Moshfegh writes scathingly of her own generation. Given the insincerity of so much contemporary writing, I find Moshfegh's deadpan style--bitterness unleavened by irony--refreshing. The narrator's cruel boyfriend Trevor is a dick, but in New York, on the cusp of Y2K, a beautiful young woman could do worse:
"[Trevor] was clean and fit and confident. I'd choose him a million times over the hipster nerds I'd see around town and at the gallery. In college, the art history department had been rife with that specific brand of young male. An 'alternative' to the mainstream frat boys and premed straight and narrow guys, these scholarly, charmless, intellectual brats dominated the more creative departments....'Dudes' reading Nietzsche on the subway, reading Proust, reading David Foster Wallace, jotting down their brilliant thoughts into the black Moleskine pocket notebook. Beer bellies and skinny legs, zip-up hoodies, navy blue peacoats, canvas tote bags, small hands, hairy knuckles, maybe a deer head tattooed across a flabby bicep. They rolled their own cigarettes, didn't brush their teeth enough, spent a hundred dollars a week on coffee."
When you get tired of "settling" for what is offered and unpalatable, you want nothing more--I feel the same way sometimes--than to sit alone, quietly, with a good book or a dumb movie. But Moshfegh isn't playing for cheap stakes--she never does, not in any of her stories or in her earlier novel Eileen (Stephan King meets Thomas Bernhard). Nothing less than a cleansing of her heroine's life, an erasure of memory, a recasting of the too, too solid flesh will do the trick, and so the young pretty woman who looks, we are told, like Kate Moss, sells all that she owns, hires a Japanese conceptual artist as a kind of caretaker, and leaves the world behind on a fake drug--Infermiterol, concocted in the manner of Don DeLillo's Dylar, a made-up magic bullet that eases one into three-day black outs, mini-deaths that, over the course of six months, succeed in erasing not so much memories as emotions about memories. It's a Trappist retreat; Thoreau's hikes on Cape Cod; May Sarton's winter alone in a Maine cabin; John Muir at Hetch Hechty, a Sand County Almanac for the lonely and neurotic urban dweller of our Brave New World.

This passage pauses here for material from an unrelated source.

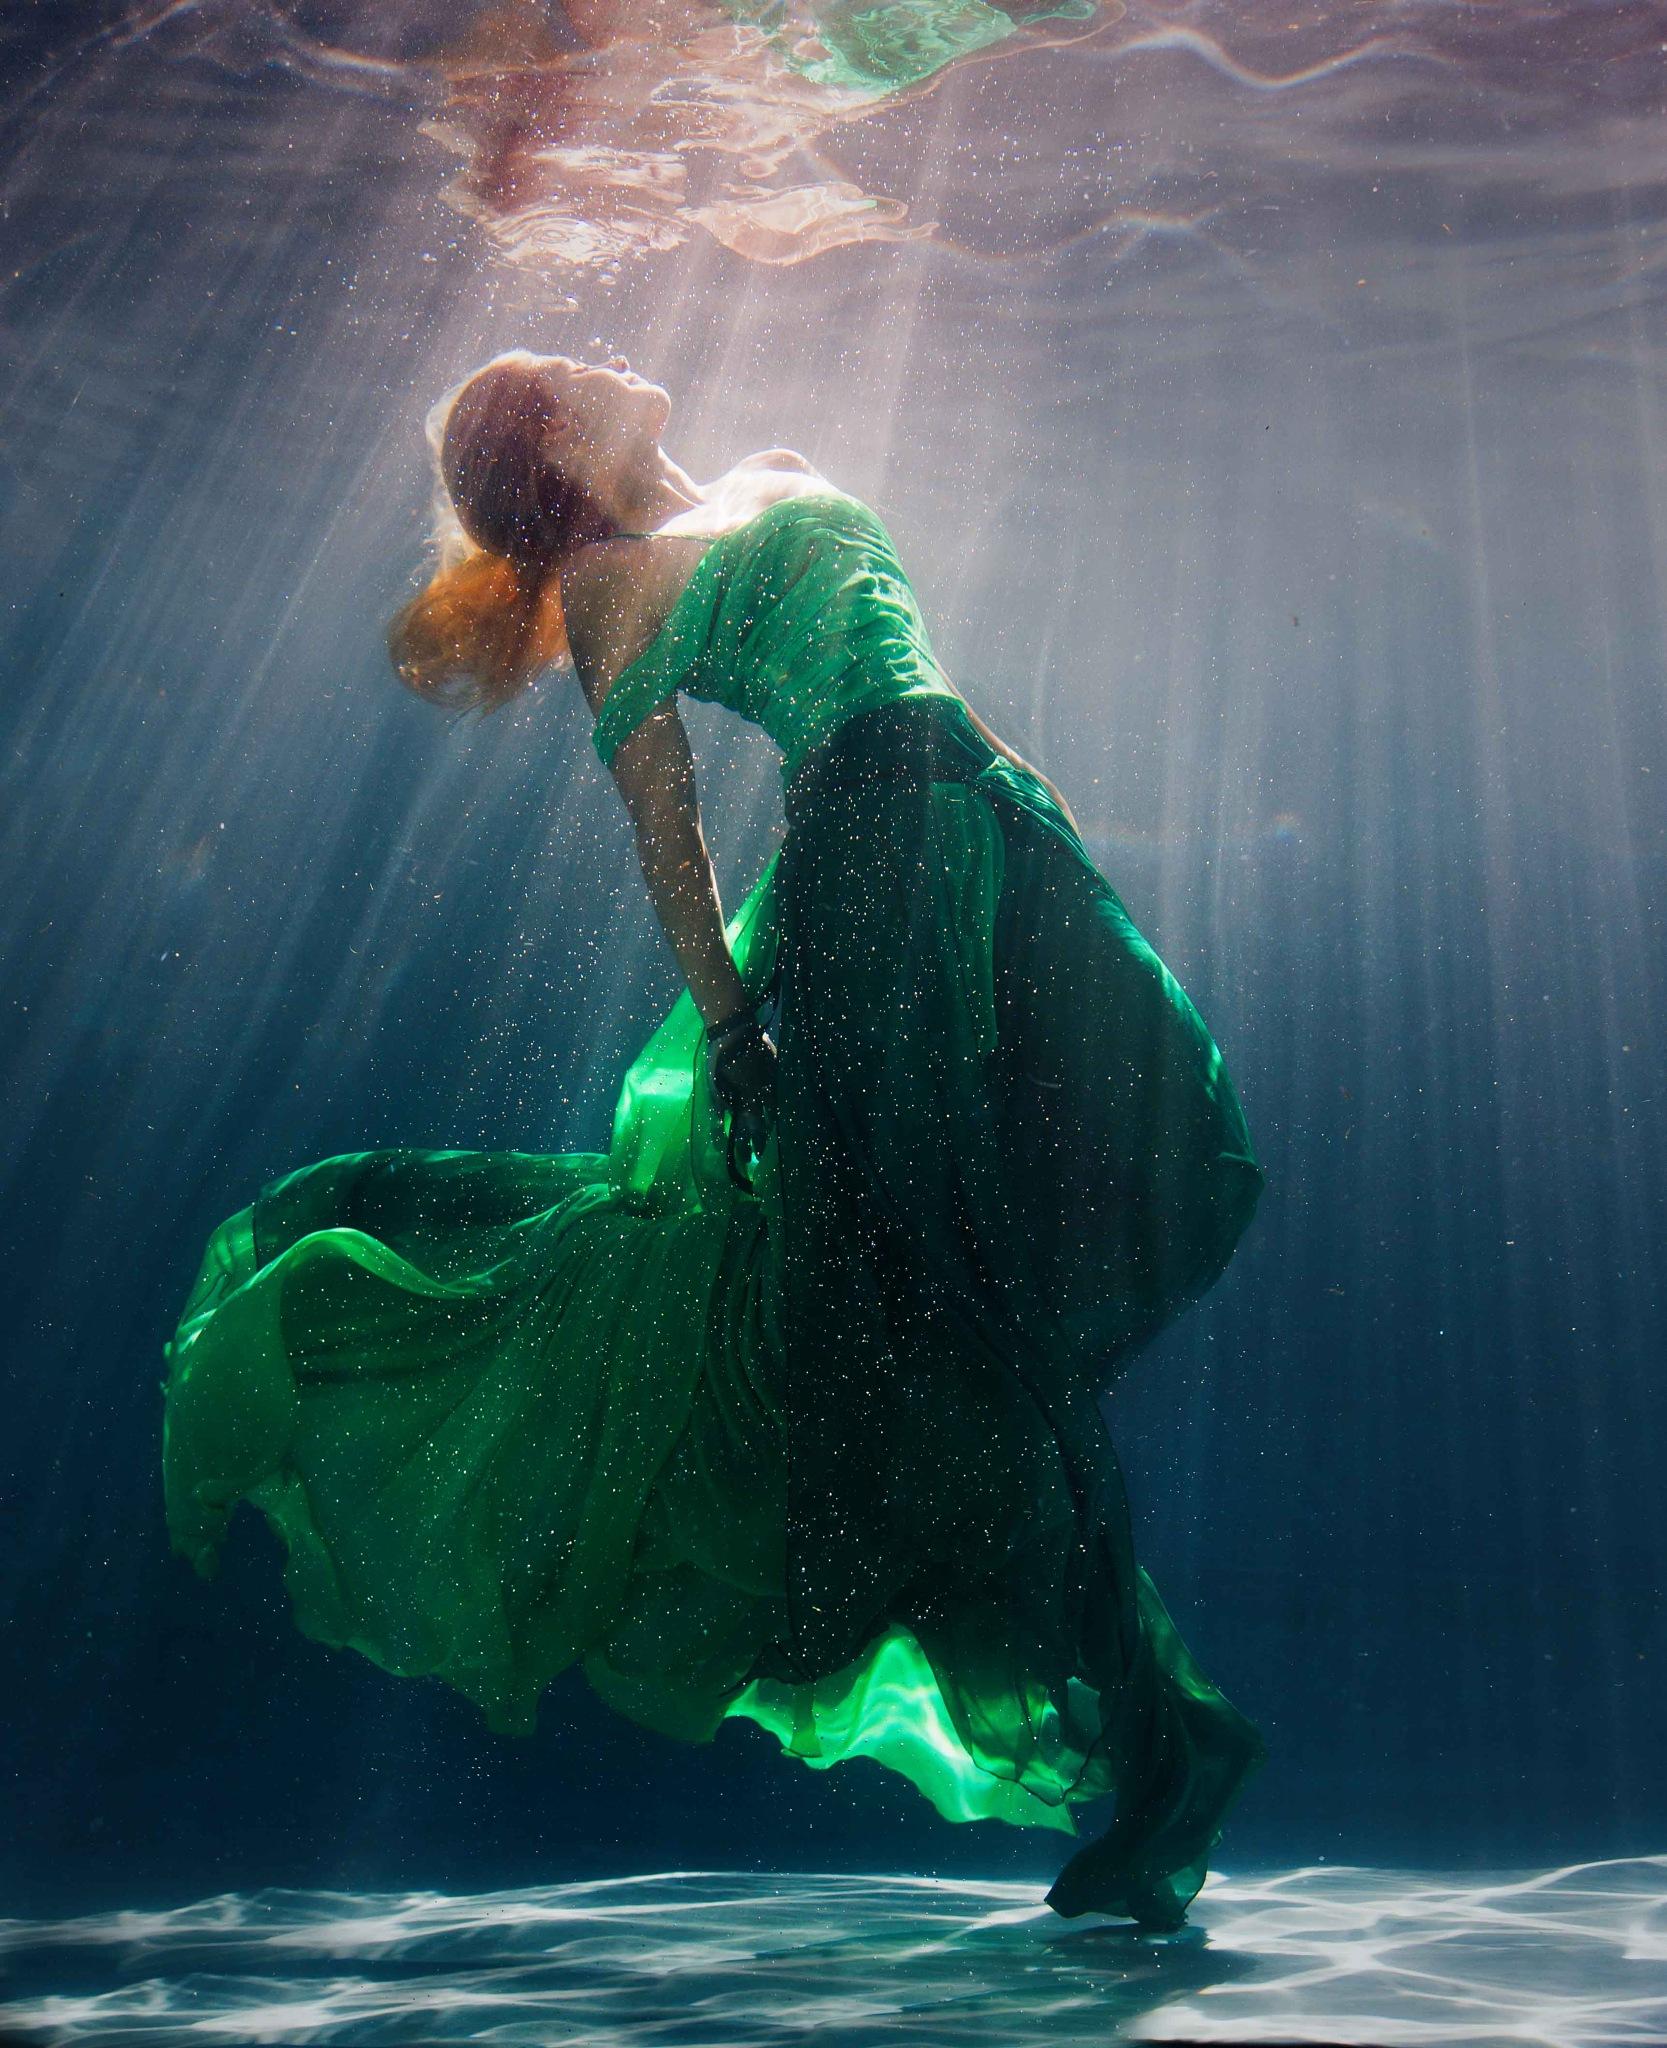 Sirena by Gabriela Slegrova Solms

Come to think of it, My Year of Rest and Relaxation, while wonderfully vulgar, is also, oddly, a religious book. Yes, to be born again we have to die, at least "symbolically," we have to take on a new body, a new self. Sleep, after all, is what Lazarus awoke from; death can't be provisional, so he was in a coma, or in REM sleep. He was not only awakened, but, we have to concede, renewed. How could it be otherwise? The great imperative of our age should be: WAKE UP! We're not just watching zombie movies these days; we're zombies ourselves. Not "the blind leading the blind," which at least is touching (think of those images from the trenches of WWI), but the mindless, the sleepwalkers, leading the sleepwalkers. So Moshfegh's heroine is Everywoman. As I read the book I kept thinking (at some level, not sure which one) not how shallow the narrator was, or how cowardly, but how brave. How estimable it was to say, "fuck it," and go to sleep. Not to become like everyone else, but to become someone else.

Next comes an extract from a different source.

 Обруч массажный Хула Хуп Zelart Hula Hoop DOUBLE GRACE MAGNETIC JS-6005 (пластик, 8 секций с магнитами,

I won't say another word--the ending of the novel is beautiful and astonishing.
Yesterday, watching Stealth bombers and fighter jets zoom over my beloved city--not the Washington of Trump and the rest of the hoodlums, but the city of real people--I wished for some "Infermiterol," some "Dylar," for a long sleep, a week on the Concord and Merrimack, a retreat to a monastery, time alone to sort things out. To wake up once and for all.